The project can be motivated from a number of directions. From the currently fashionable field of topological insulators, the novel property of this work is that the interactions are necessary for the topological properties of the model – even for opening a gap in the spectrum giving it the “insulating” properties. I write “insulating” in quotes because actual the wire remains a metal, and it is only spin excitations that are gapped or insulating, but to begin with, that is an unimportant technical point. In the textbook picture of topological insulators, the topology is a property of the non-interacting band structure, and it is a generally accepted picture that the “topological protection” such systems enjoy (such as perfect conductance) break down in the presence of interactions. There are relatively few studies which are the other way around — where the interactions induce the topology in a strongly correlated system — which is why this particular model is so fascinating.
Another context in which to view this work is in the context of one-dimensional systems with a spin gap (described above, and known in the biz as a “Luther-Emery liquid”). Basically, our emergent state (with the topology) is a state known as a spin-density-wave (SDW for short). This is basically like an antiferromagnet – spins next to each other are in opposite directions, except that the spins aren’t localised on lattice sites, there is only quasi-long-range order (rather than a conventional ordered state), and the electrons (with both charge and spin) can still move, carrying currents through the system as if it were a metal. This SDW state has long been studied in the literature — however there are problems coming up with realistic models where this is expected to be the ground state. The trouble is that the realistic models have spin-rotational symmetry (SU(2) for those who know their groups!) and there is a rigorous argument that unless the SU(2) symmetry is broken, the SDW cannot form. The spin-orbit interaction does break this symmetry, but even then, conventional wisdom suggested that the system cannot be in the SDW state unless a magnetic field is also added. Now, for reasons relating to our desired topological properties of the state, we wanted a model with time-reversal symmetry, so we didn’t want a magnetic field (under time reversal, the magnetic field points in the opposite direction so the symmetry is broken). Fortunately, we didn’t read this previously literature before doing our own calculations – because it turned out that there was a term in the calculation that had been previously missed (technically, this term is the change in the spinon propagator due to the spin-orbit coupling to the charge plasmon modes), and when this is taken into account (the detailed calculation is in the appendix of our paper), there is indeed a realistic parameter regime where one can get a SDW in a time-reversal invariant system.

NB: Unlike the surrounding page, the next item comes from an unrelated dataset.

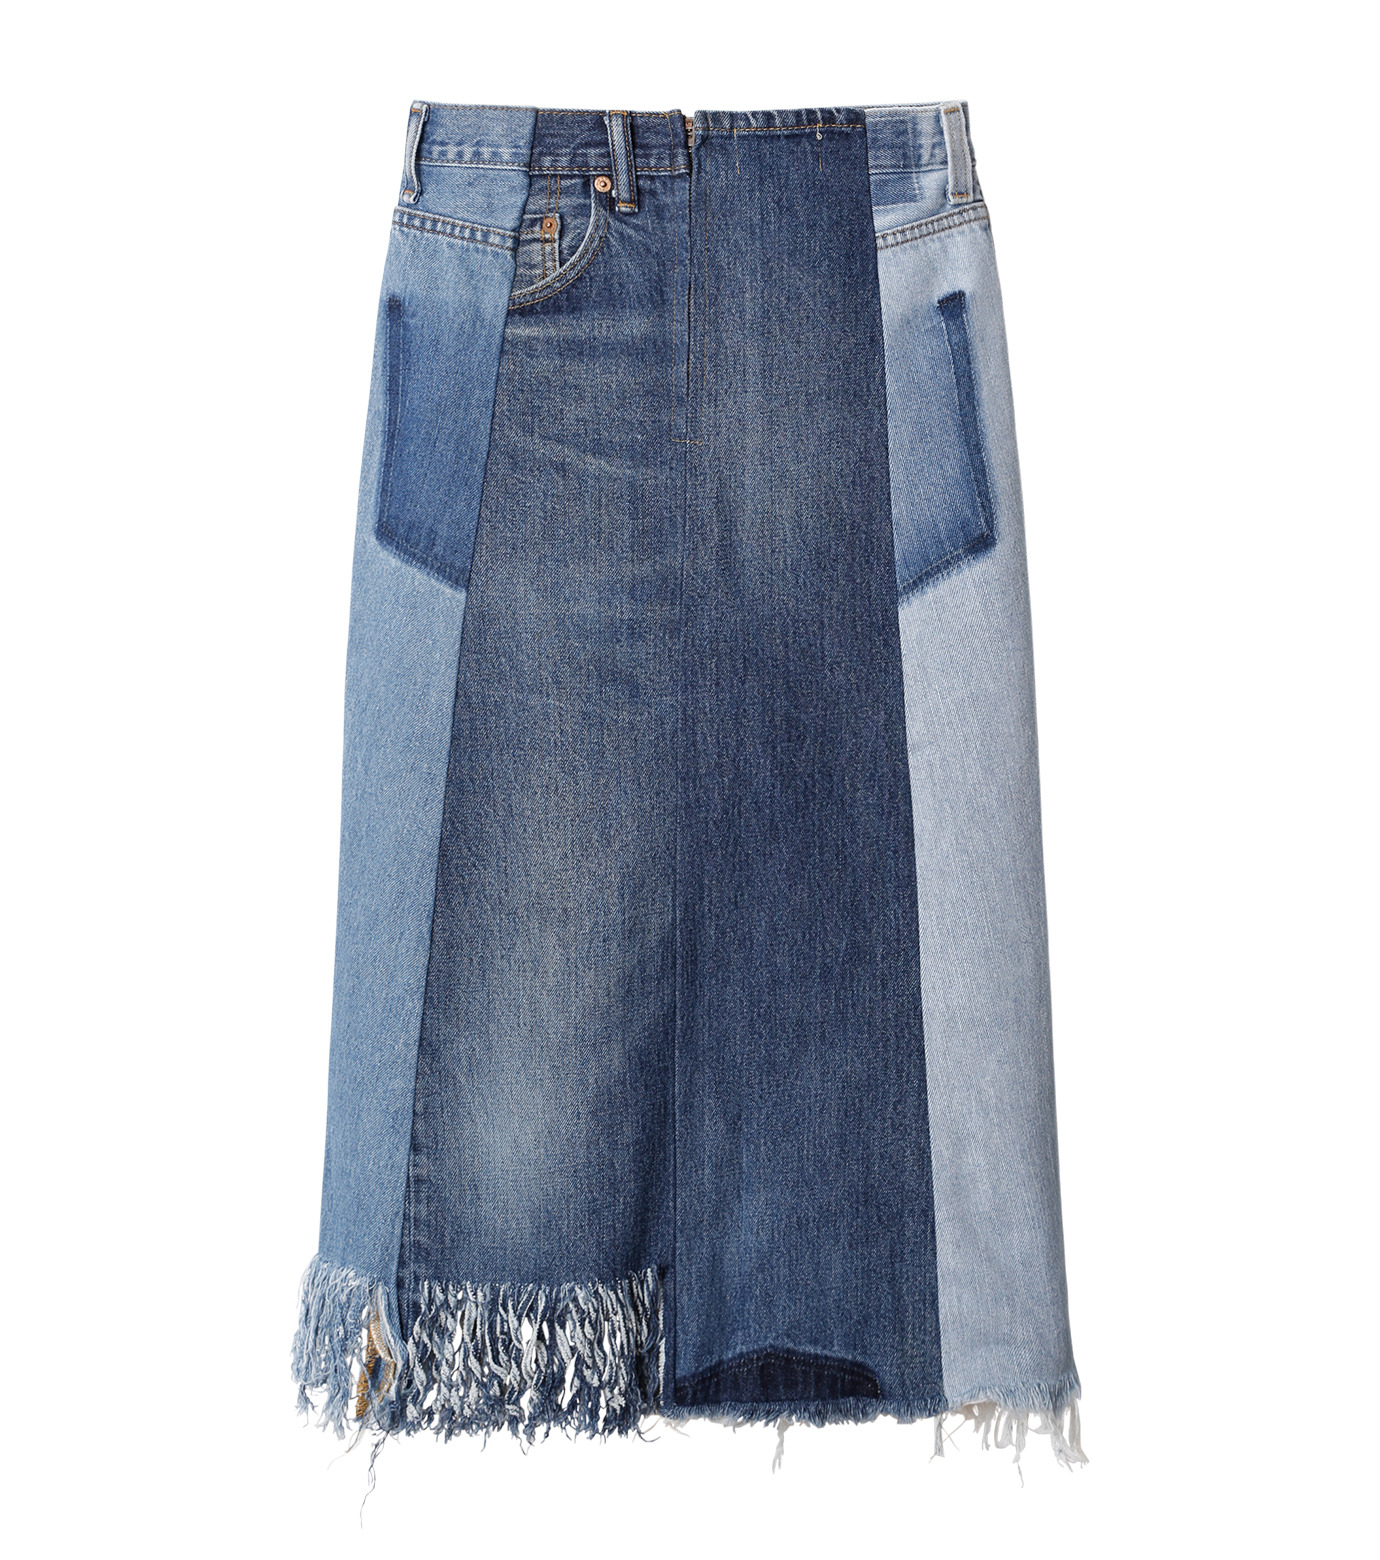 77circa(77サーカ)のFringe Denim Skirt-INDIGO(スカート/skirt)-cc16ss-49-94 拡大詳細画像2

There is a third way to look at this work, which is from a much more practical point of view. From a technological point of view, quantum wires (which are one atom thick) are the ultimate goal of miniaturisation of normal wires – and the main goal of this is to carry current. The trouble is that impurities in the wire cause resistance, and this becomes more and more of a problem as wires get thinner and thinner – for the ultimate case of a single channel wire (one atom thick), even a single impurity in the wire can turn it from a metal into an insulator (something known as the Kane-Fisher effect), which is clearly not ideal for technological applications. One then has two possibilities – either improve the manufacturing process until you get rid of the impurities; or utilise the cool strongly-correlated quantum physics that goes on inside these ultra-narrow wires to drive the system into a state in which the impurities don’t matter. The best known example of such a state is a superconductor. However as we show, thanks to the topological properties of the emergent SDW state in our model of a quantum wire, we obtain a similar effect, where the current just cannot scatter off the impurities, and so one gets perfect conductance (strictly speaking this is only true at zero temperature, but the resistance remains very low and the system remains metallic at finite temperatures too). While this effect isn’t going to be beating superconductors any time soon, it is a fascinating alternative direction with potential applications in quantum devices.
So it isn’t just about the topology. I’m not that fashionable!